Confused by time dilation

1. Sep 24, 2007

Raul_Duke21

Confused by time dilation!!

Ok I know that the faster you travel the slower time becomes for you by outside observers, while time would seem to go by at normal speed for you.

What I dont get is that there seems to be missing time for you on the moving vehicle.

If everything for you seems to be travelling at normal speed on the outside than what happened to the time that you didnt travel.

It seems to me that if you are going near the speed of light, than the outside world would seem to speed up as well, but this would make the speed of light go faster than it should.
Since you would be seeing things at a faster rate.

So you see my problem I dont seem to grasp where this missing time goes that you cant observe. Its as if when you stop, time would jump on you.

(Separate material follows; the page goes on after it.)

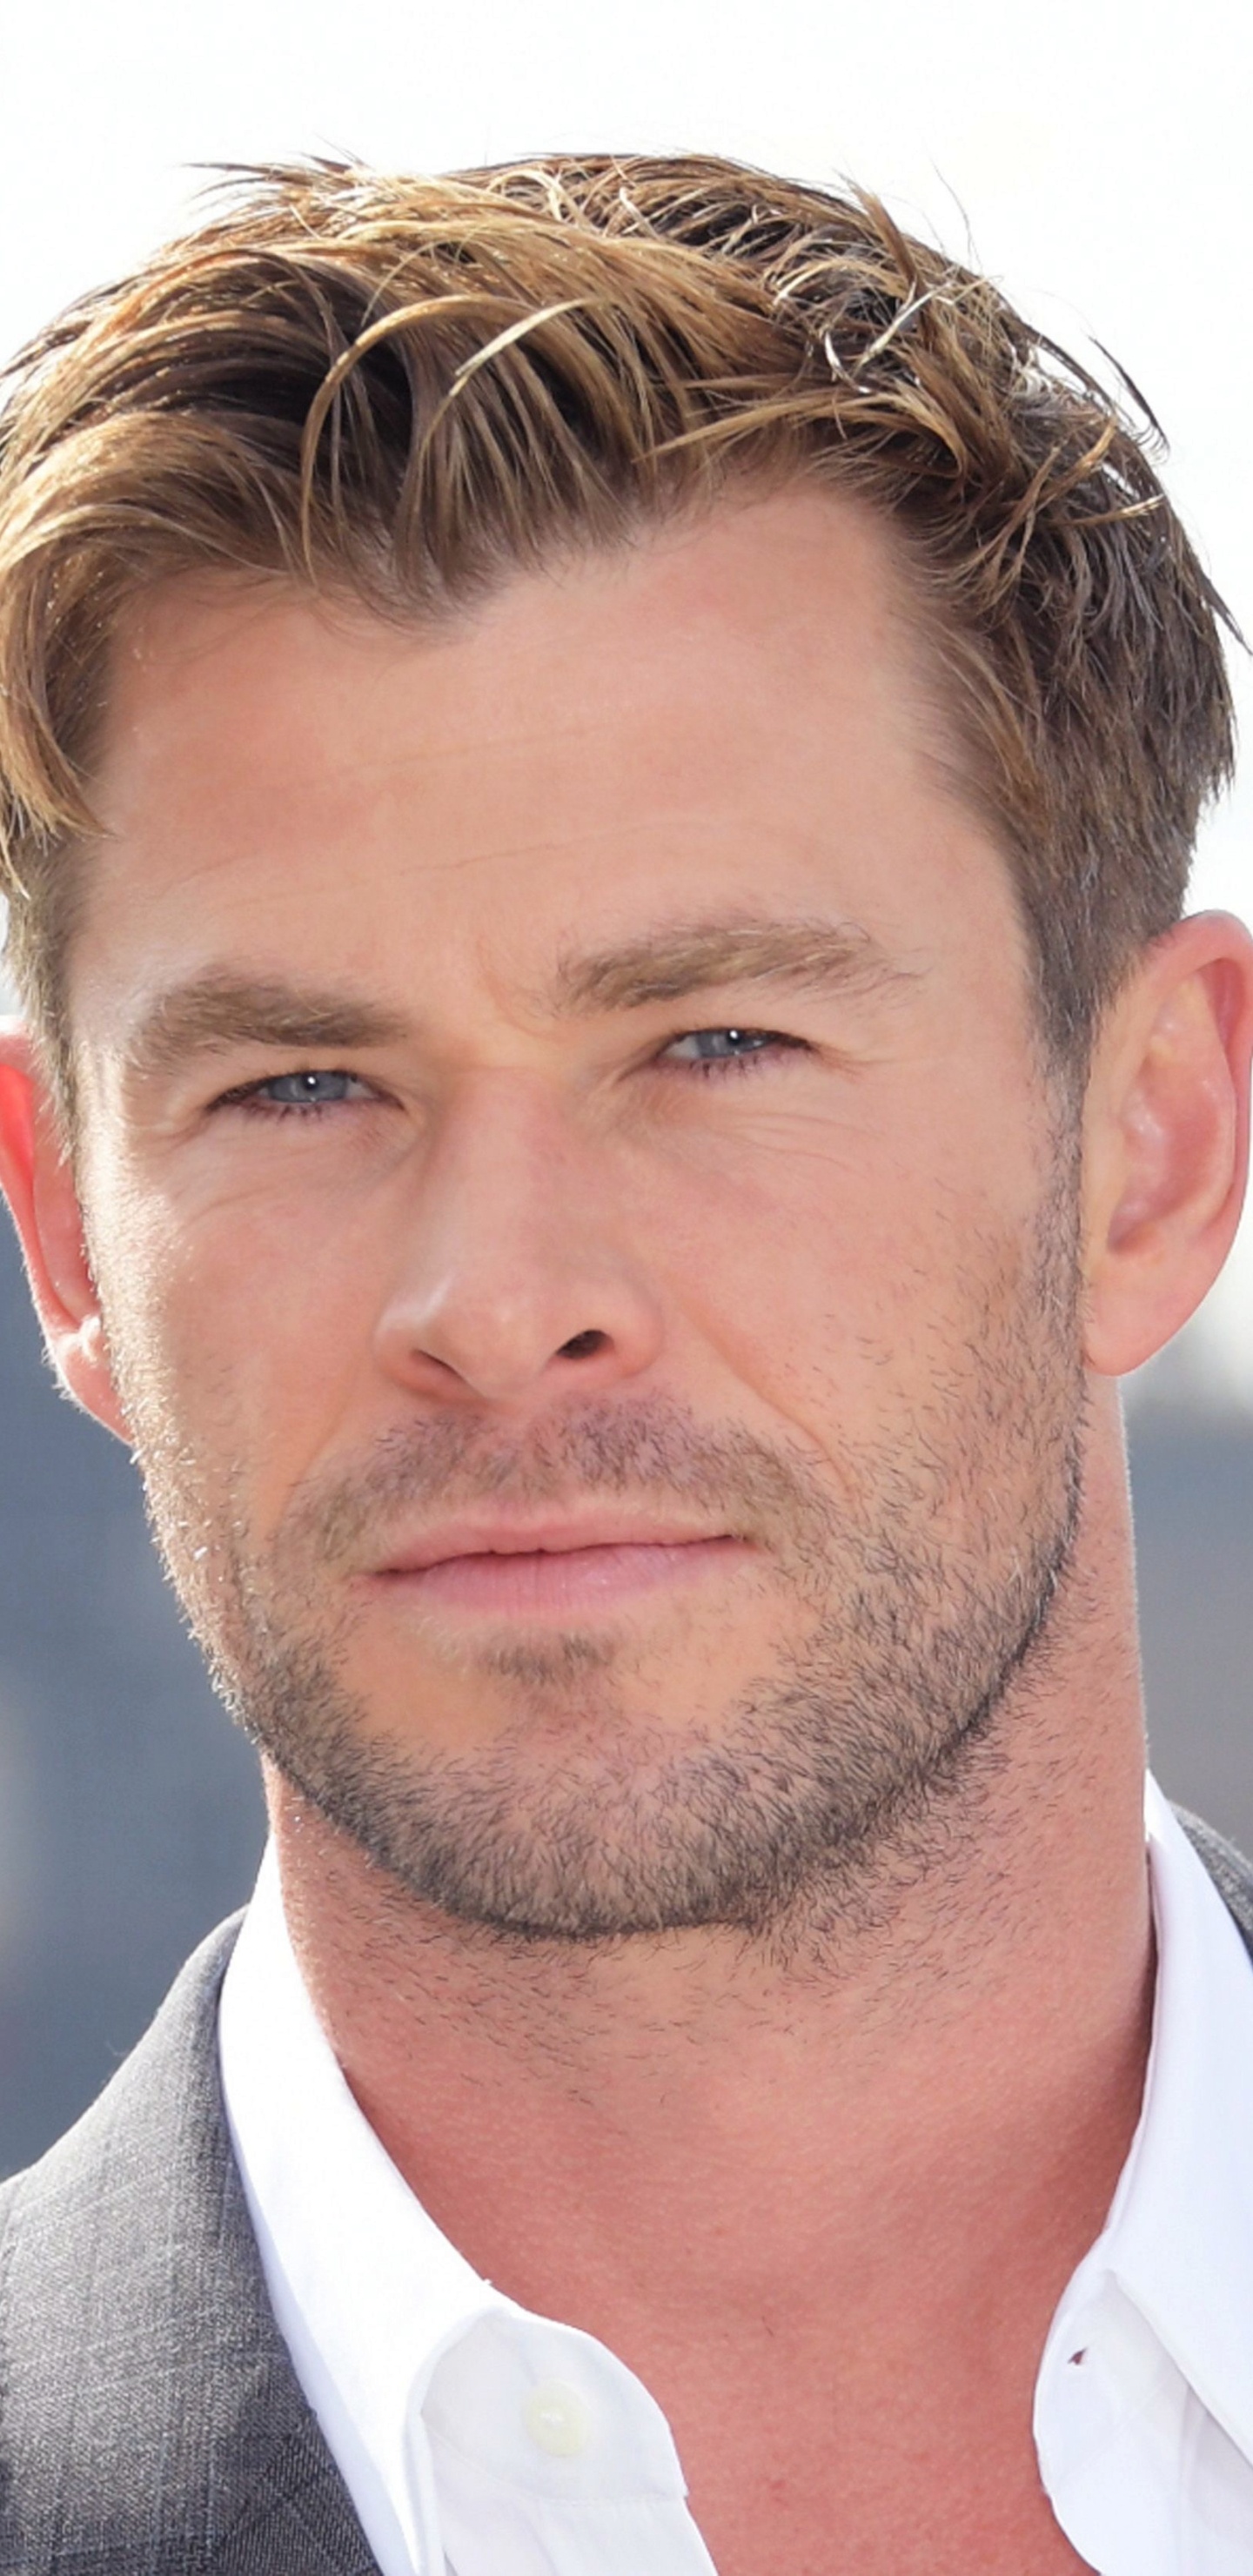 Chris Hemsworth: Celebrity, One of the world's highest-paid actors. 1440x2960 HD Background.

I dont know I may be thinking to much but it seems odd to me. Sorry if I sound crazy but I just got off of work and work a night shift. Thanks for any help.

2. Sep 24, 2007

MathematicalPhysicist

I think that what you want to say what happens when you slow your speed, i.e if you started at 0.6c speed compared to another frame and you deaccelerate upto zero speed compaerd to that frame.
well if the accleration is constnat then there's a nice term for it, if not then i think that SR doesnt answers this question.

3. Sep 24, 2007

MathematicalPhysicist

here's the term for the time in the rest frame of the vehicle:
t'=c/a(ln(|at/c+sqrt((at/c)^2+1)|)

4. Sep 24, 2007

MathematicalPhysicist

a is the acceleration.

5. Sep 24, 2007

Raul_Duke21

Actually what I meant to say is, say you are traveling near the speed of light and could observe earth. Would it seem to be going faster or have the same time as you. Because either answer seems nonsensical to me.

6. Sep 24, 2007

MathematicalPhysicist

well your question and also the answer depneds on the rest frame, in your frame if you were to compare with someone in the earth then his clock will move slower by time dilation t'=gamma*t, now if he were to measure you time he will also see your time's running slower compared to his, by the same equation (but you repalce in the gamma v with -v, which in the gamma doesnt make a difference).

7. Sep 24, 2007

tabchouri

Although it is misleading to compare time flows at different frames especially when you take into considerations some of the "seem to be" statements.
To try to reply your question, the time flow on earth will be faster than the time flow of the traveler.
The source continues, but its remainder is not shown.